Put simply: The U.S. will nearly double the cost of medical care without dramatically improving the health of the nation.
For decades, health policy experts have pointed out the inefficiencies in medical care delivery. Research has estimated that inappropriate tests and ineffective procedures account for more than 30% of all money spent on American medical care.
This combination of troubling economics and untapped opportunity explain why value-based care has become medicine’s holy grail. What’s uncertain is whether the transformation in healthcare delivery and financing will be led from inside or outside the healthcare system.
Where The Health-System Hopes Hang
For years, Kaiser Permanente has led the nation in clinical quality and patient outcomes based on independent, third-party research via the National Committee for Quality Assurance (NCQA) and Medicare Star ratings. Similarly, Geisinger was praised by President Obama for delivering high-quality care at a cost well below the national average.
And yet, these organizations, and many other highly regarded national and regional health systems, are extremely vulnerable to disruption, especially when their strategy and operational decisions fail to align.
Kaiser, for its part, has struggled with growth while Geisinger’s care-delivery strategy has proven unsuccessful in recent years. Failed expansion efforts forced KP to exit multiple U.S. markets, including New York, North Carolina, Kansas and Texas. More recently, several of its existing regions have failed to grow market share and weakened financially.
Meanwhile, Geisinger has fallen on hard times after decades of market domination. As Bob Herman reported in STAT News: “Failed acquisitions, antitrust scrutiny, leadership changes, growing competition from local players, and a pandemic that temporarily upended how patients got care have forced Geisinger to abandon its independence. The system is coming off a year in which it lost $240 million from its patient care and insurance operations.”

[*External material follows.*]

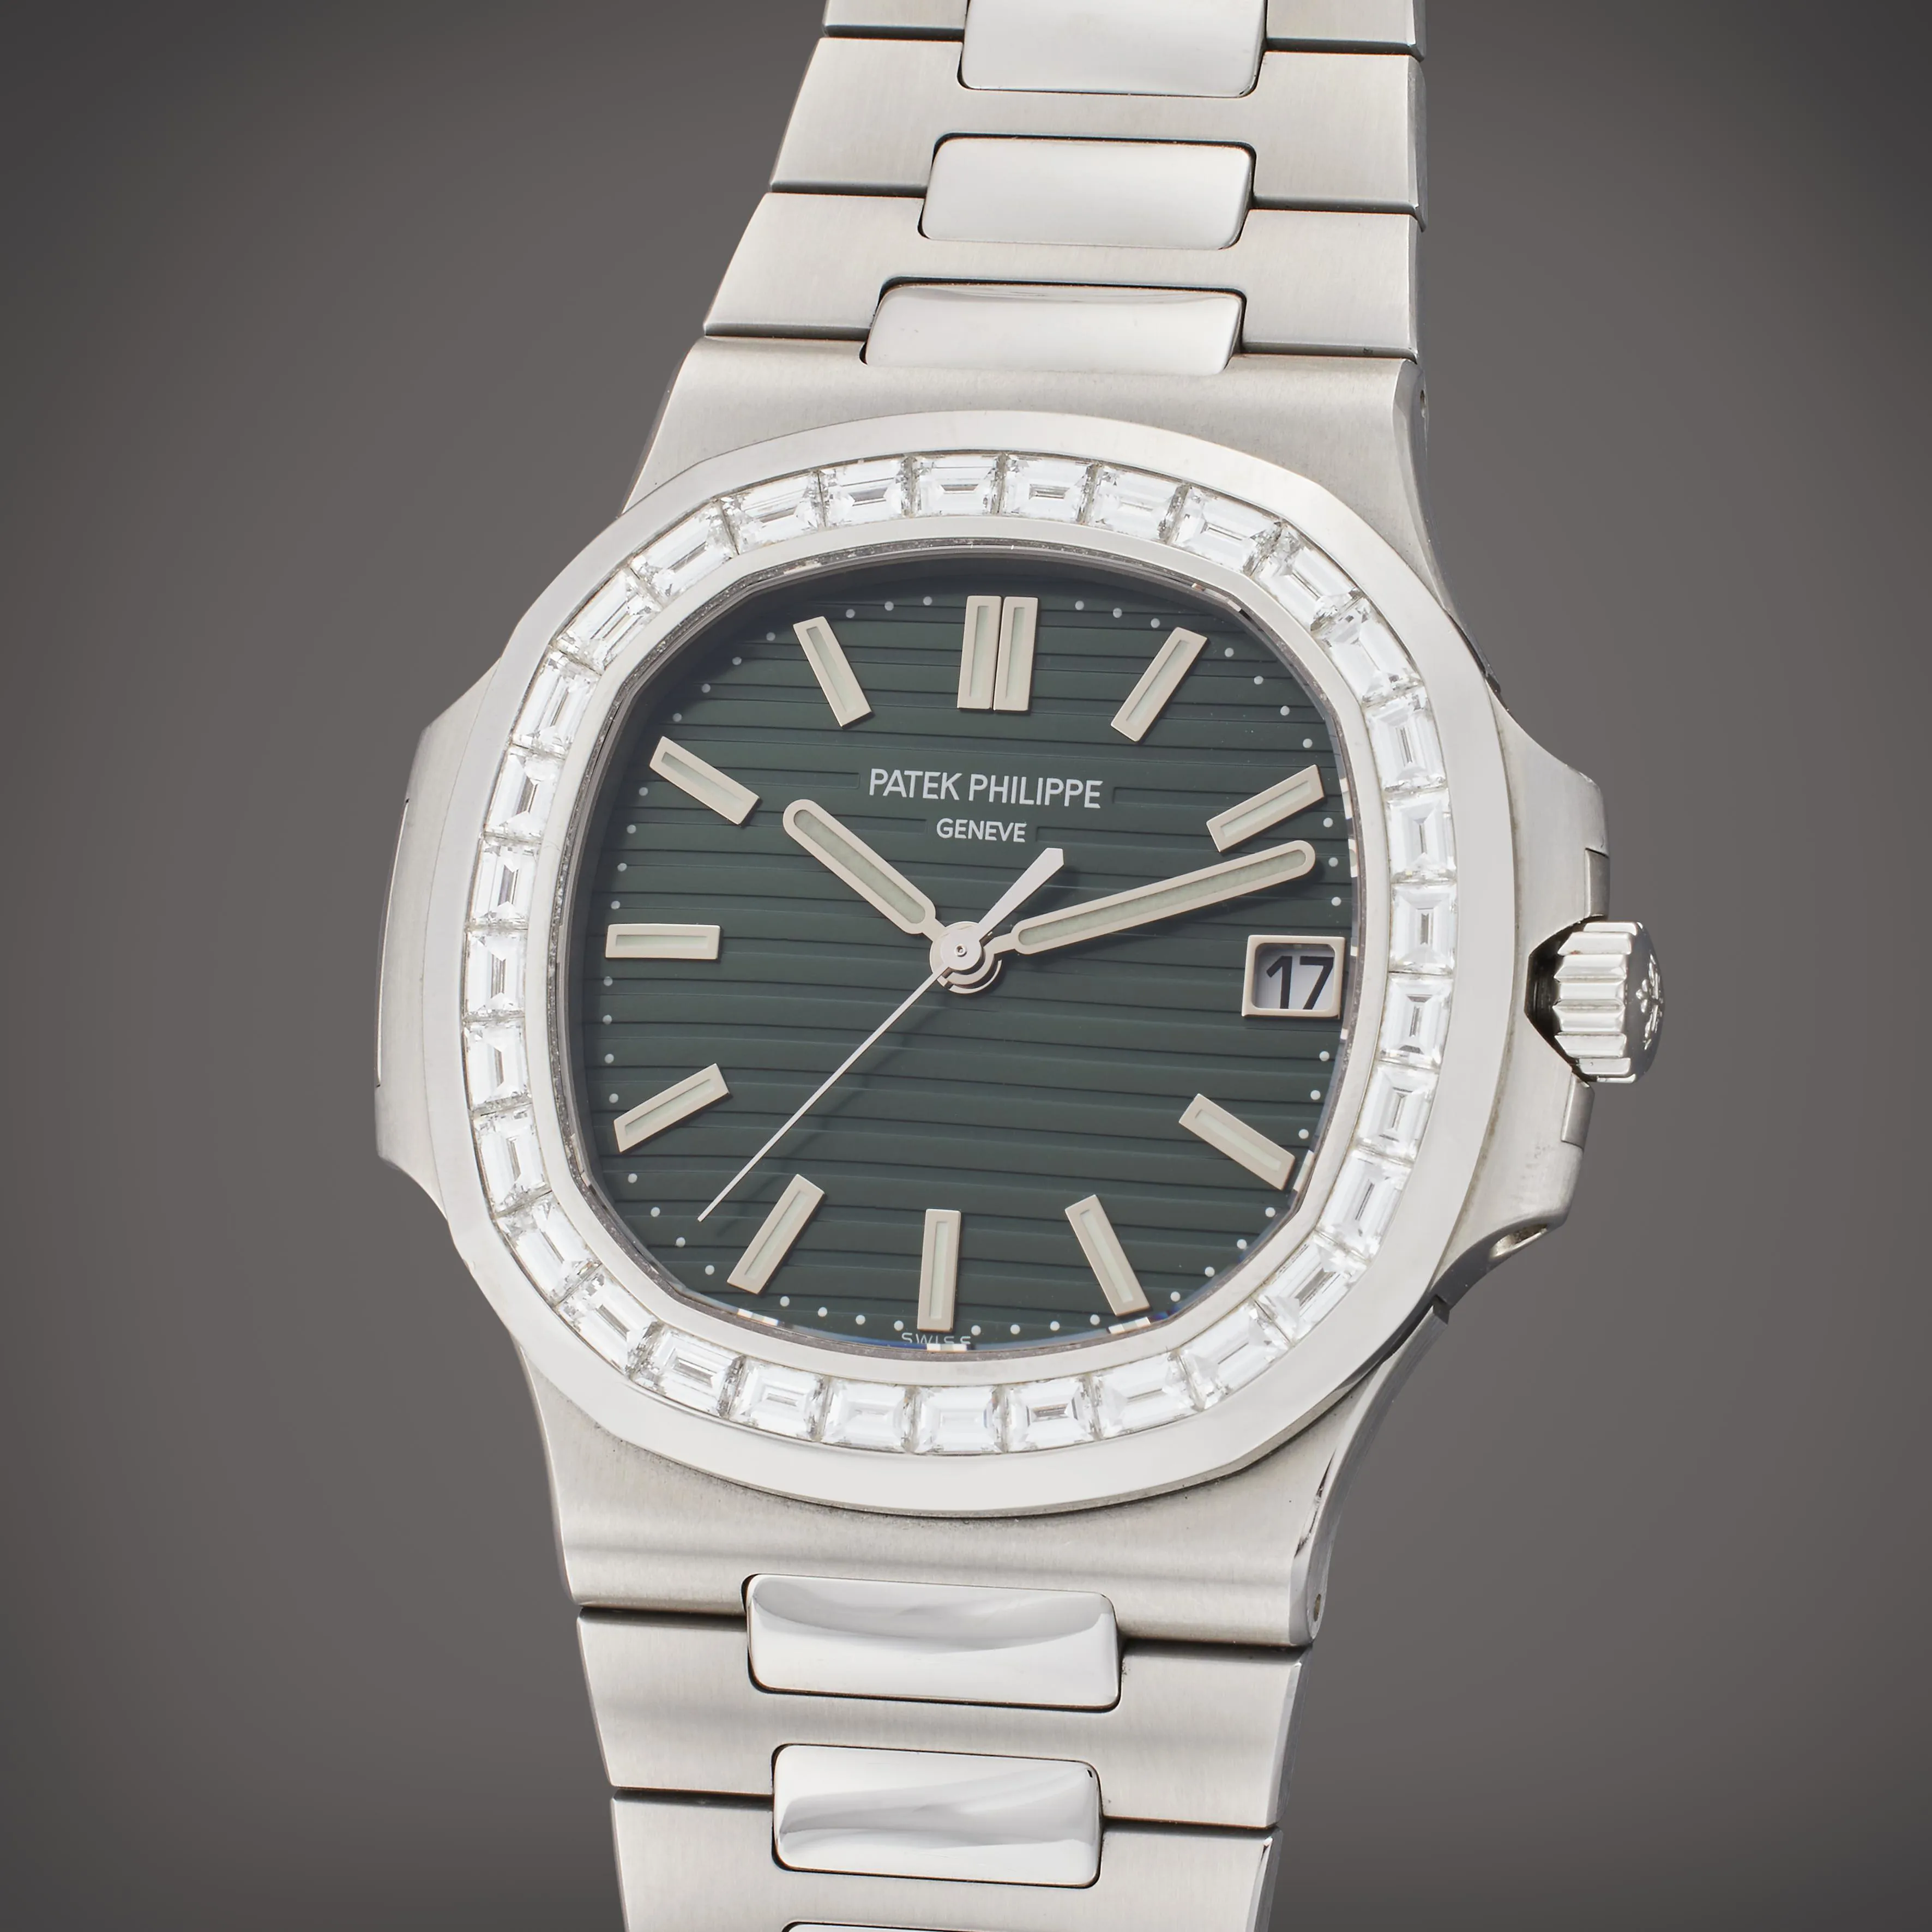 Patek Philippe Nautilus 5711/1300A-001 40mm Stainless steel and diamond-set Green
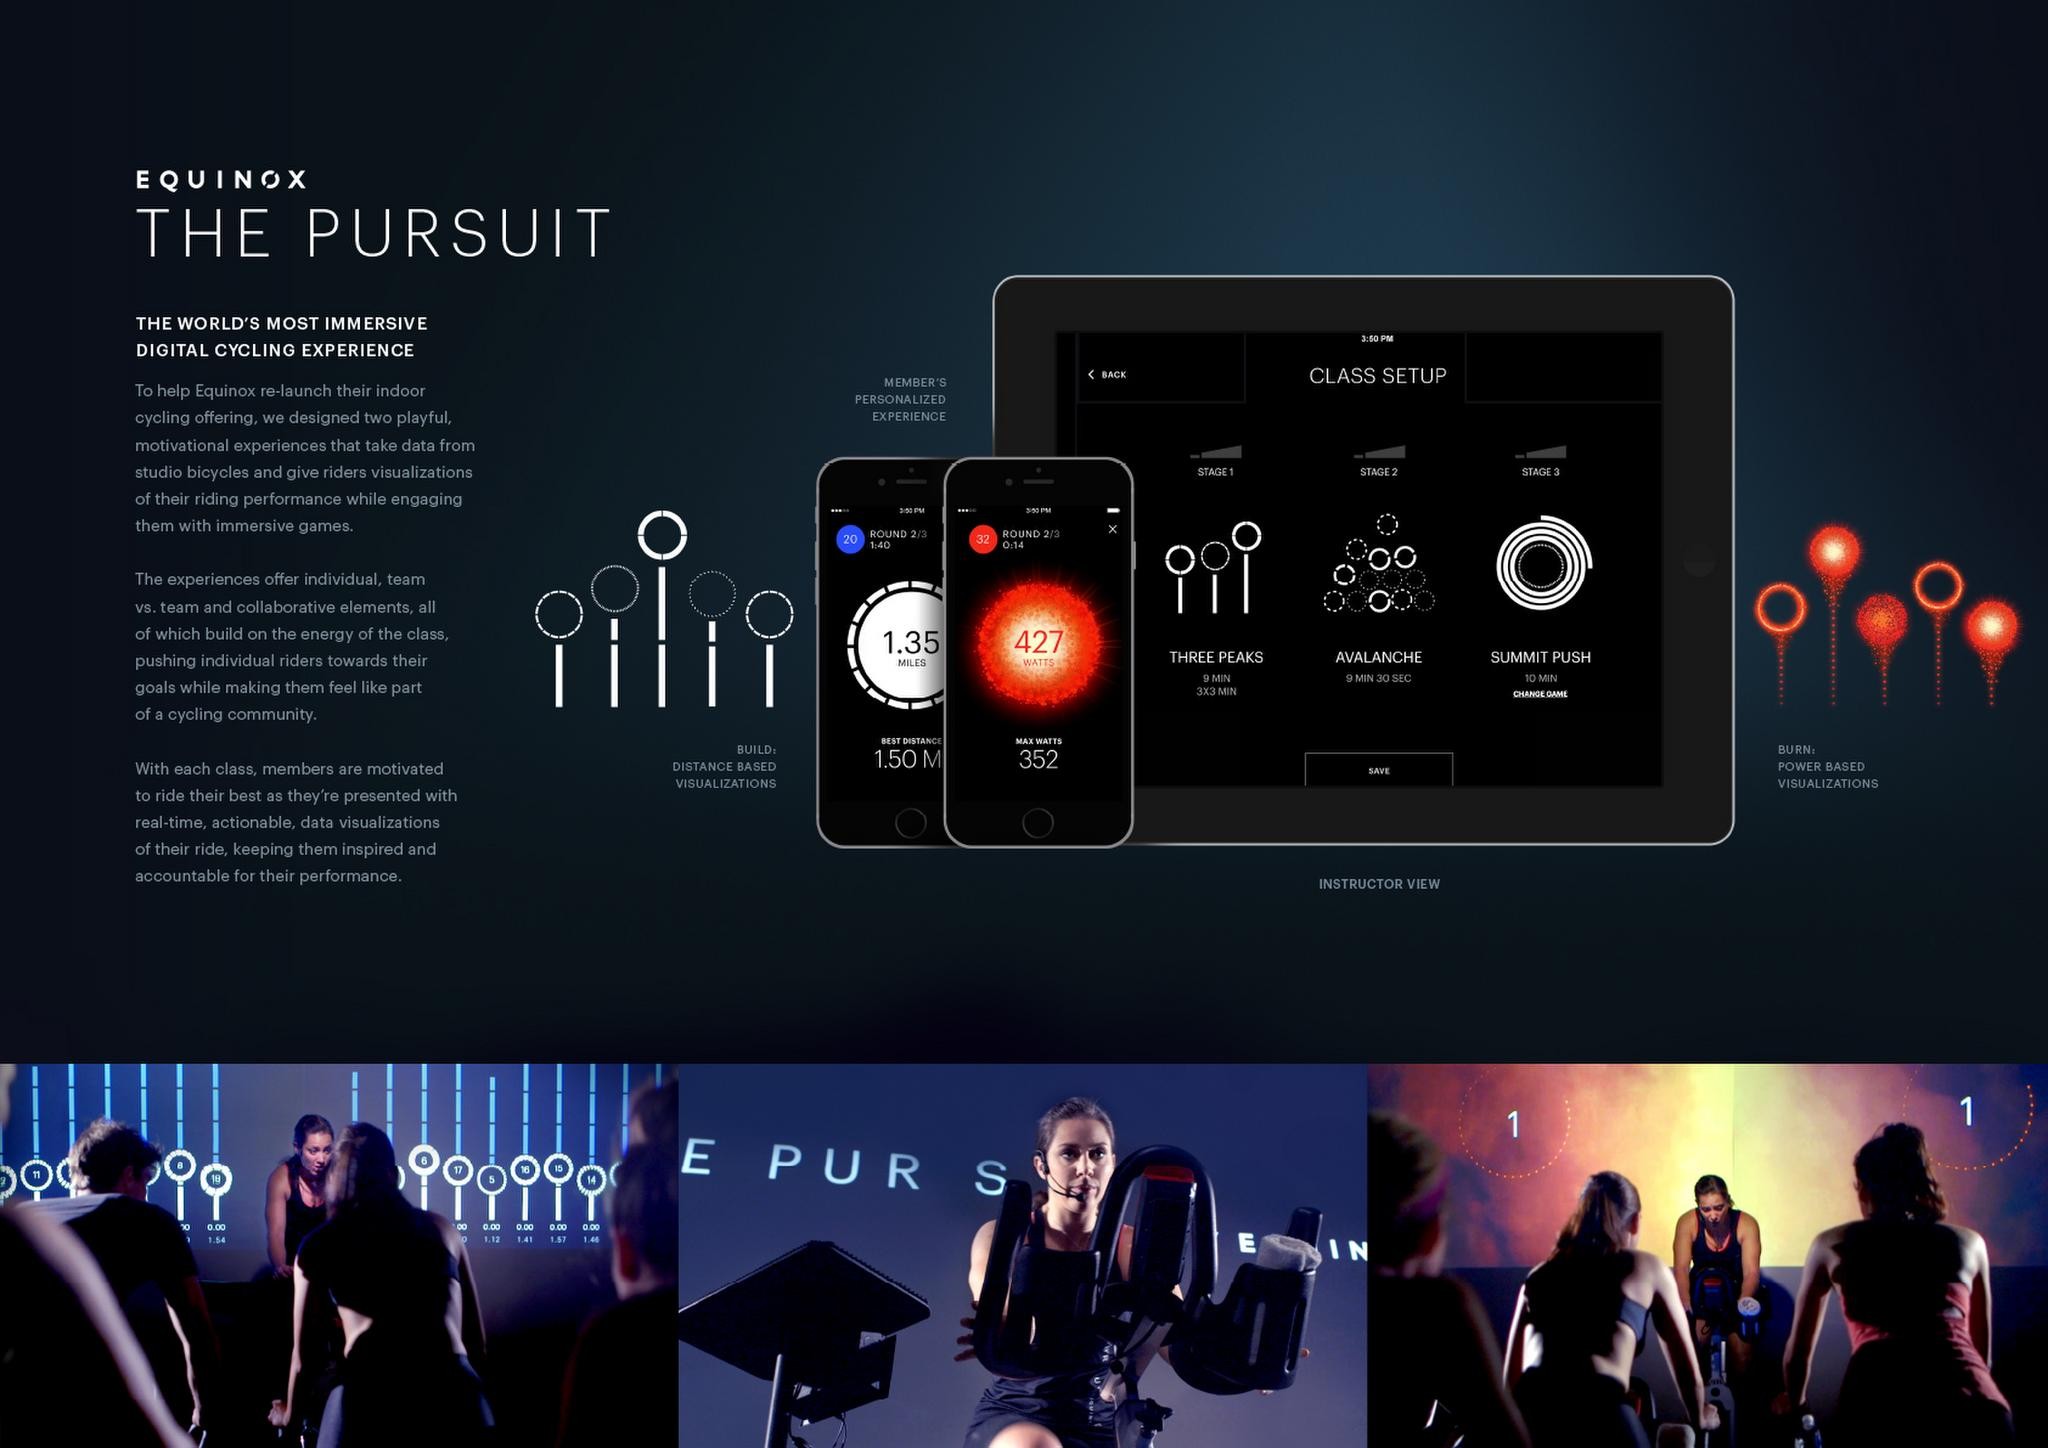 THE PURSUIT BY EQUINOX

Putting the pieces together, I believe the Kaiser-Geisinger deal represents an industry undergoing massive change as health systems face intensifying pressure from insurers and a growing threat from retailers like Amazon, CVS and Walmart. This upcoming battle over the future of value-based care represents a classic conflict between incumbents and new entrants.
Can The World’s Largest Companies Disrupt U.S. Healthcare?
Retail giants, including Amazon, Walmart and CVS, are among the nation’s 10 largest companies based on annual revenue.
They have a broad geographic presence and strong relationships with almost all self-funded businesses. Nearly all have acquired the necessary healthcare pieces—including clinicians, home-health services, pharmacies, insurance arms and electronic medical record systems—to replace the current medical system.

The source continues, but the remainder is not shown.